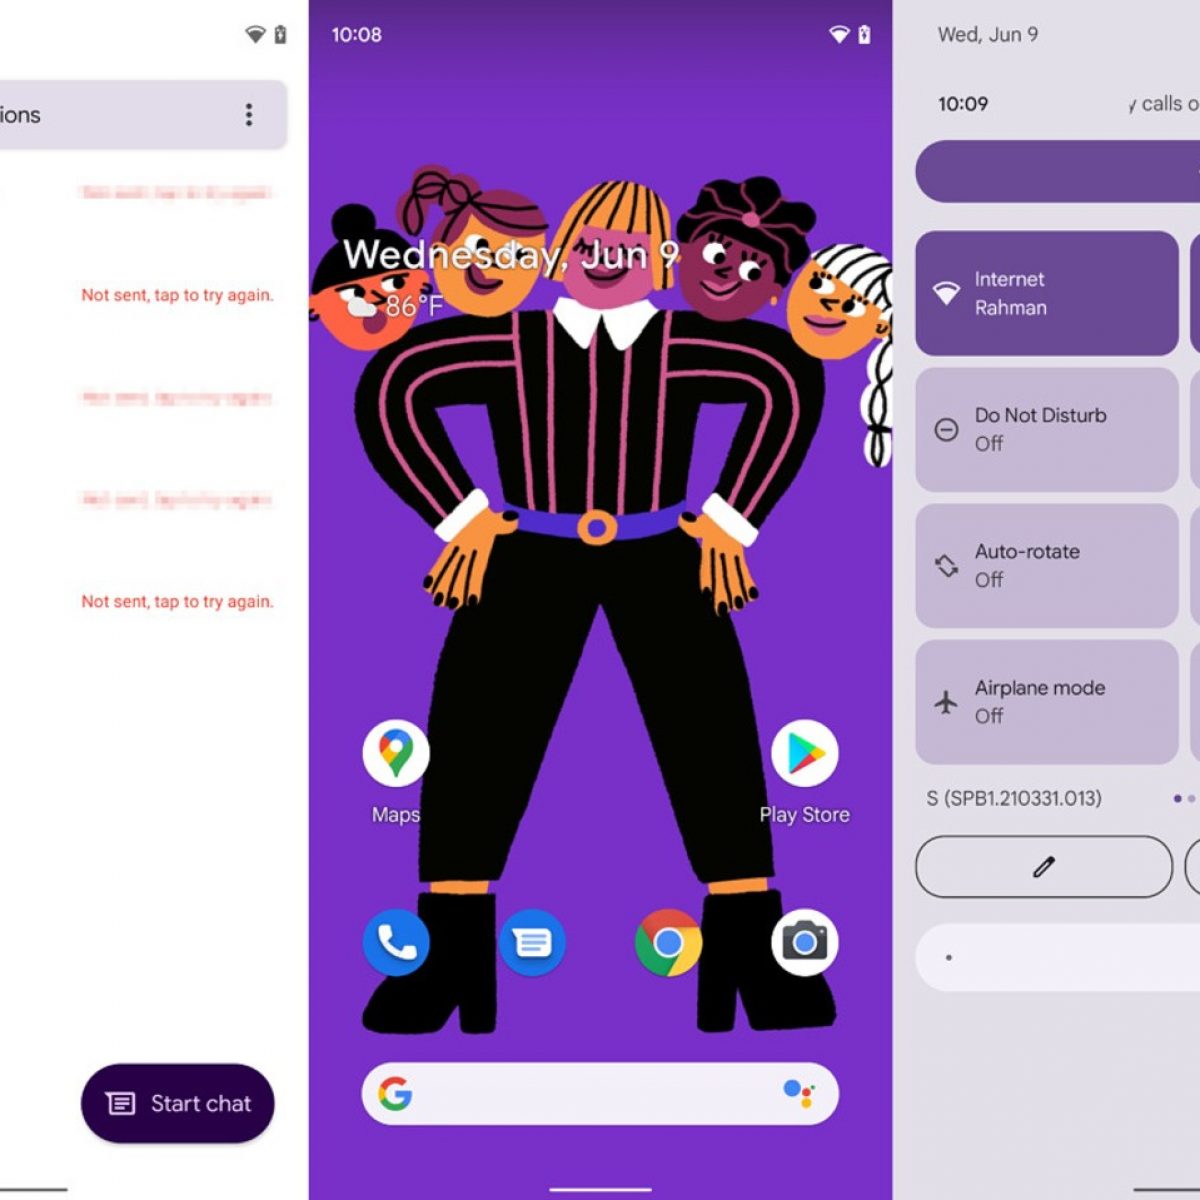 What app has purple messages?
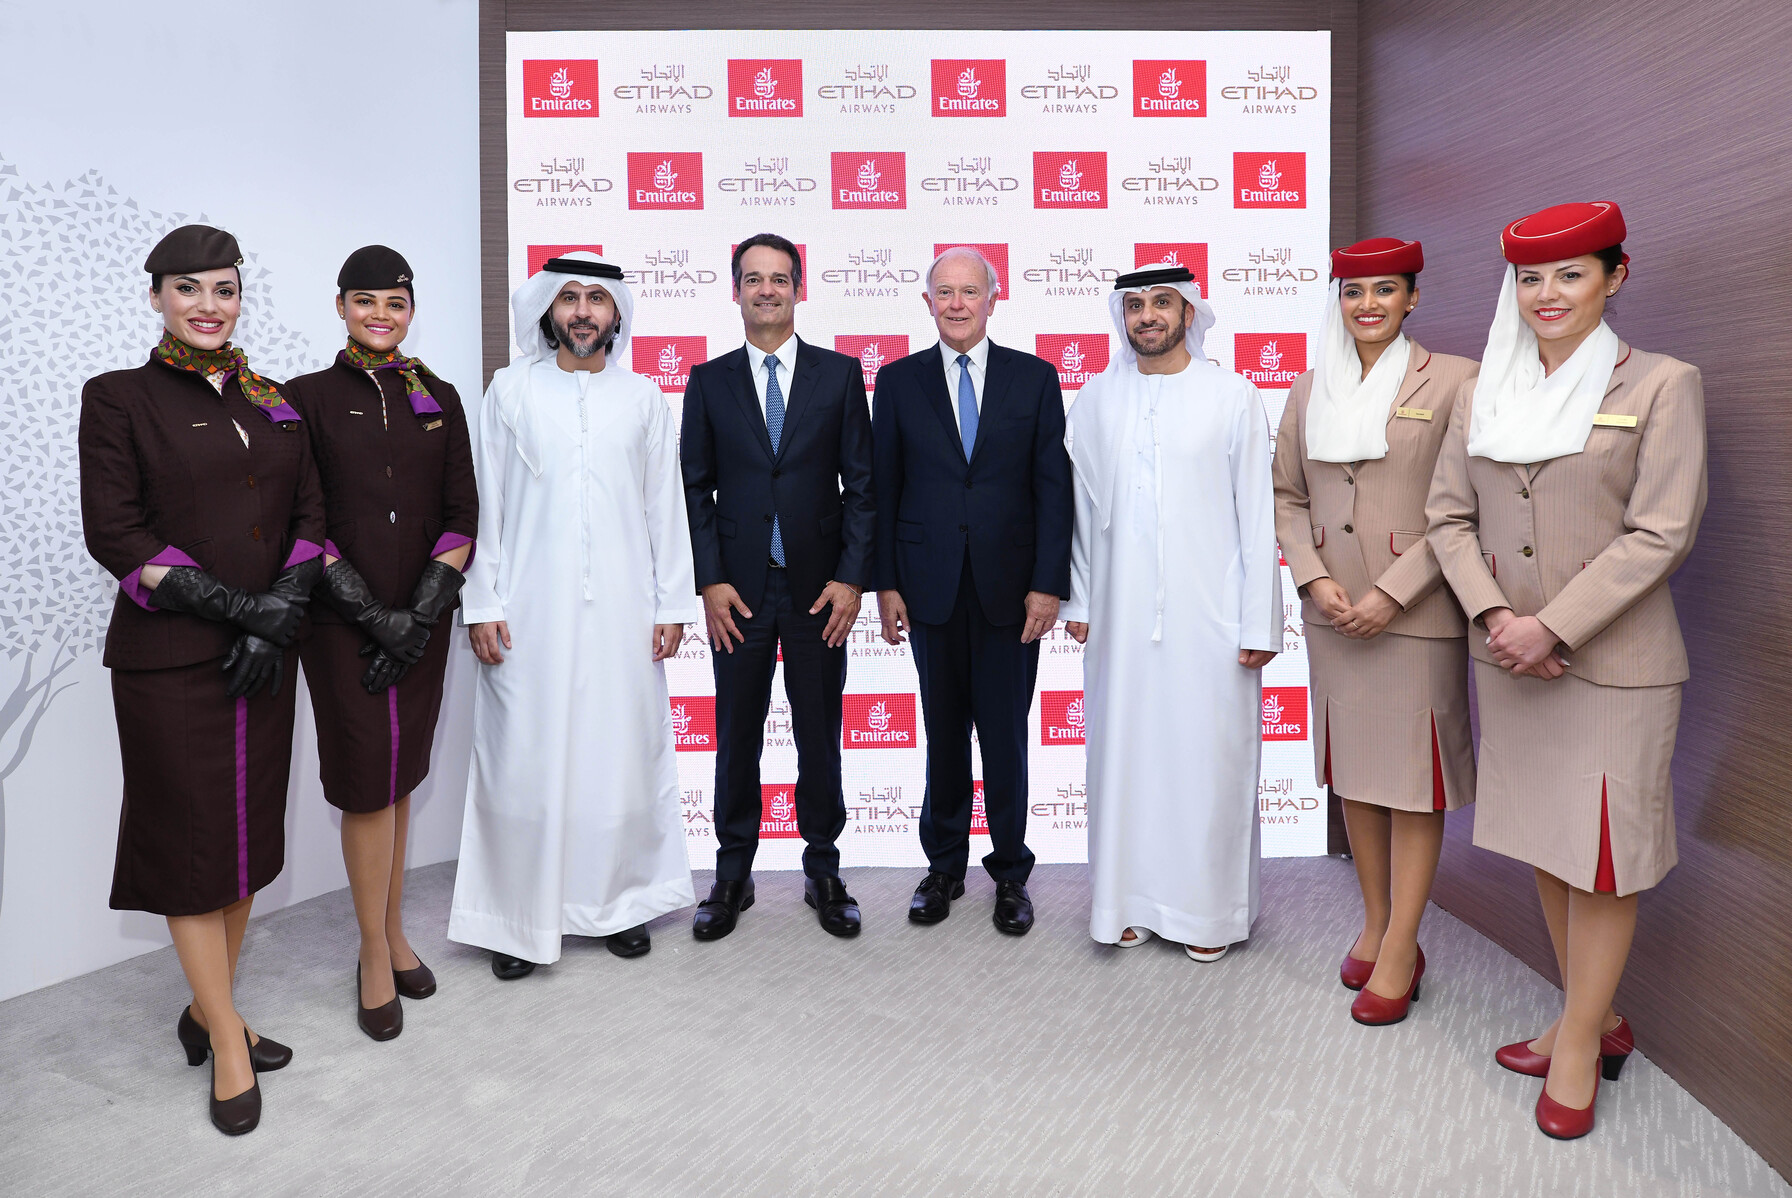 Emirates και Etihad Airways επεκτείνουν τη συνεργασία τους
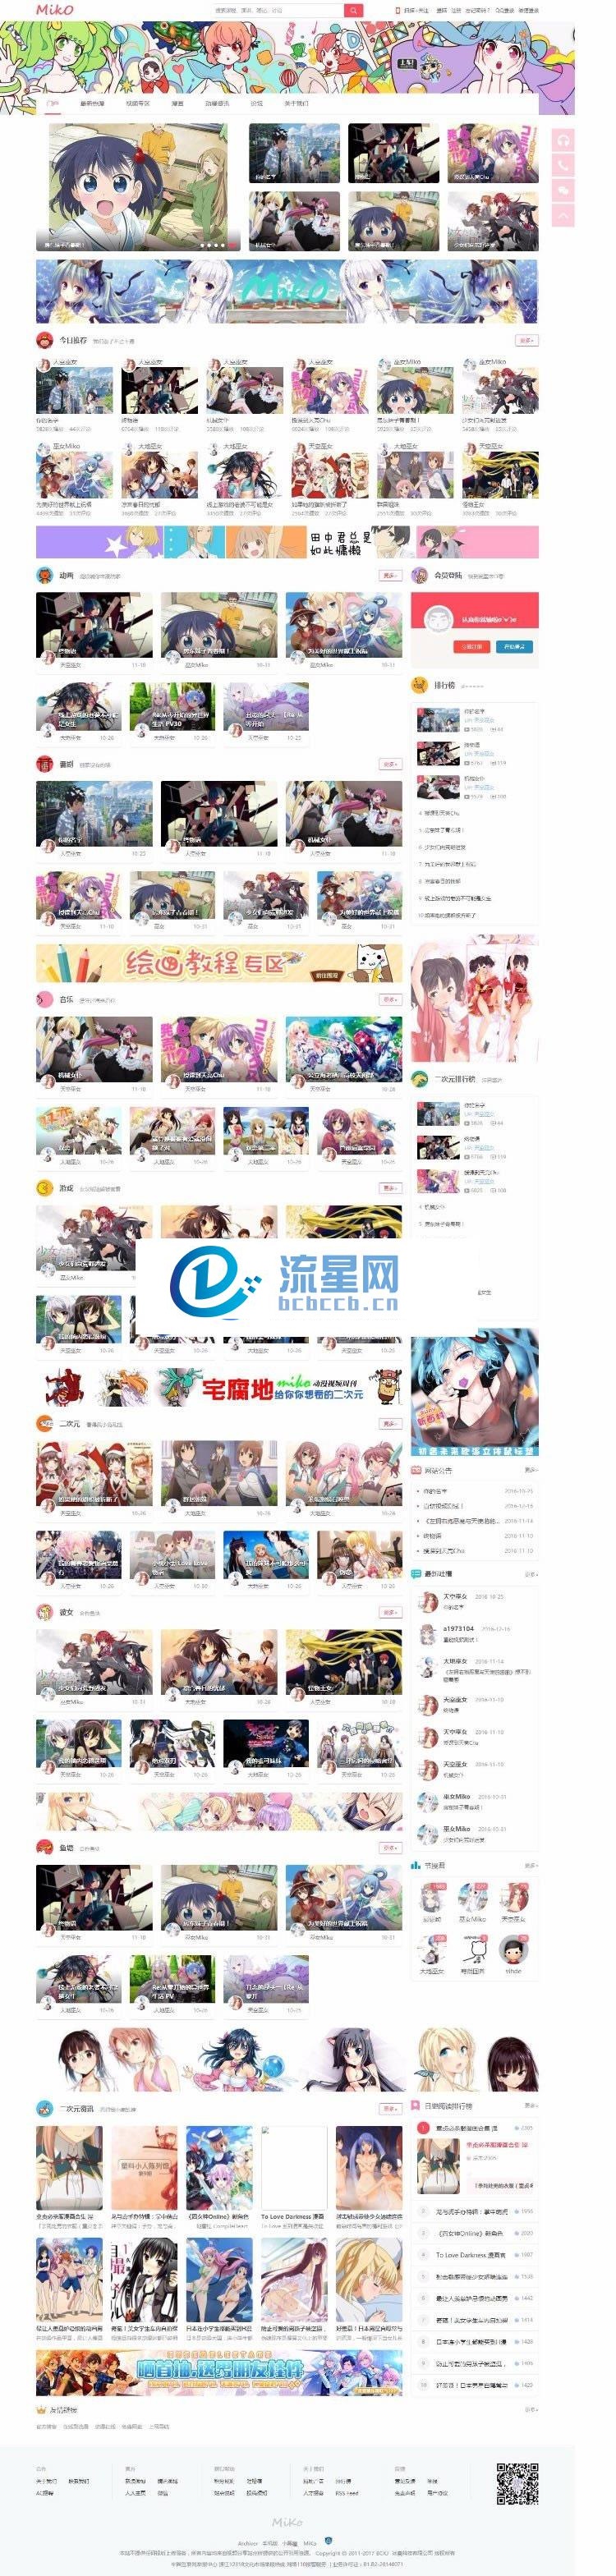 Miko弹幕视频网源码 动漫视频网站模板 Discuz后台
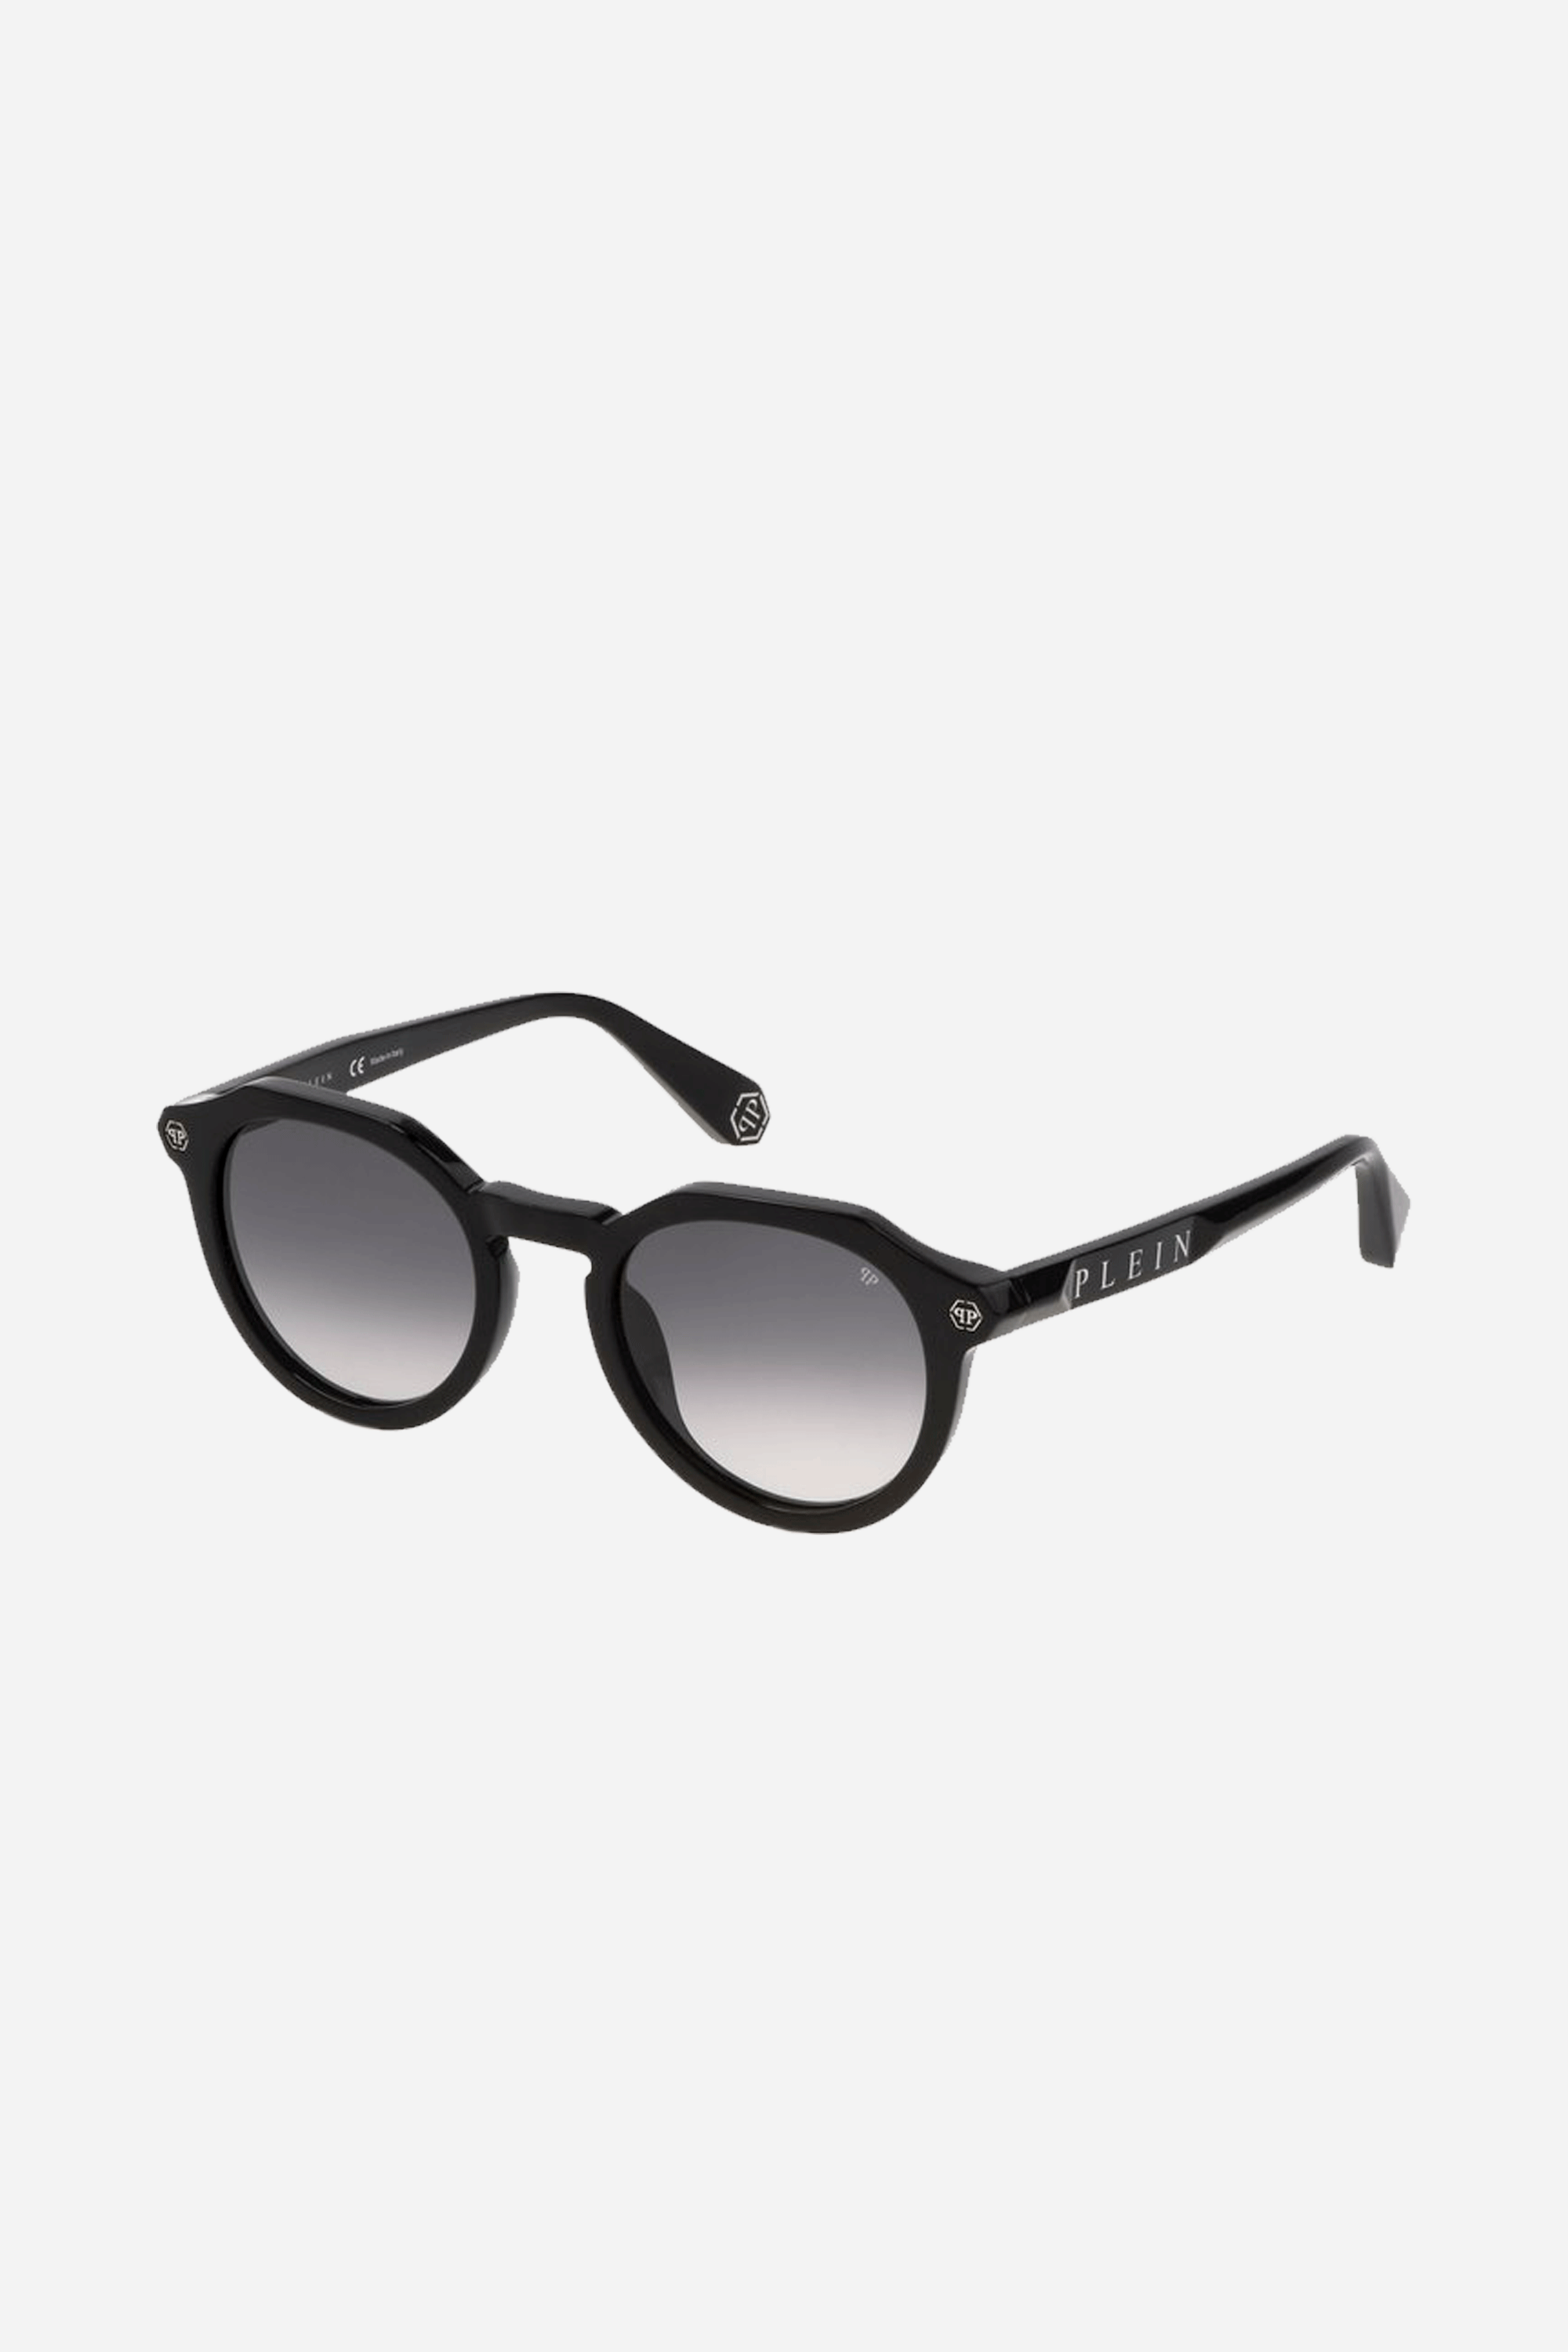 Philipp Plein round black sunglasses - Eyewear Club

§ Exercise instructions
Repeat the material above word for word and skip every image in it.

§ Solution to this problem
 What app has purple messages?
 Emirates και Etihad Airways επεκτείνουν τη συνεργασία τους
 Miko弹幕视频网源码 动漫视频网站模板 Discuz后台
 Philipp Plein round black sunglasses - Eyewear Club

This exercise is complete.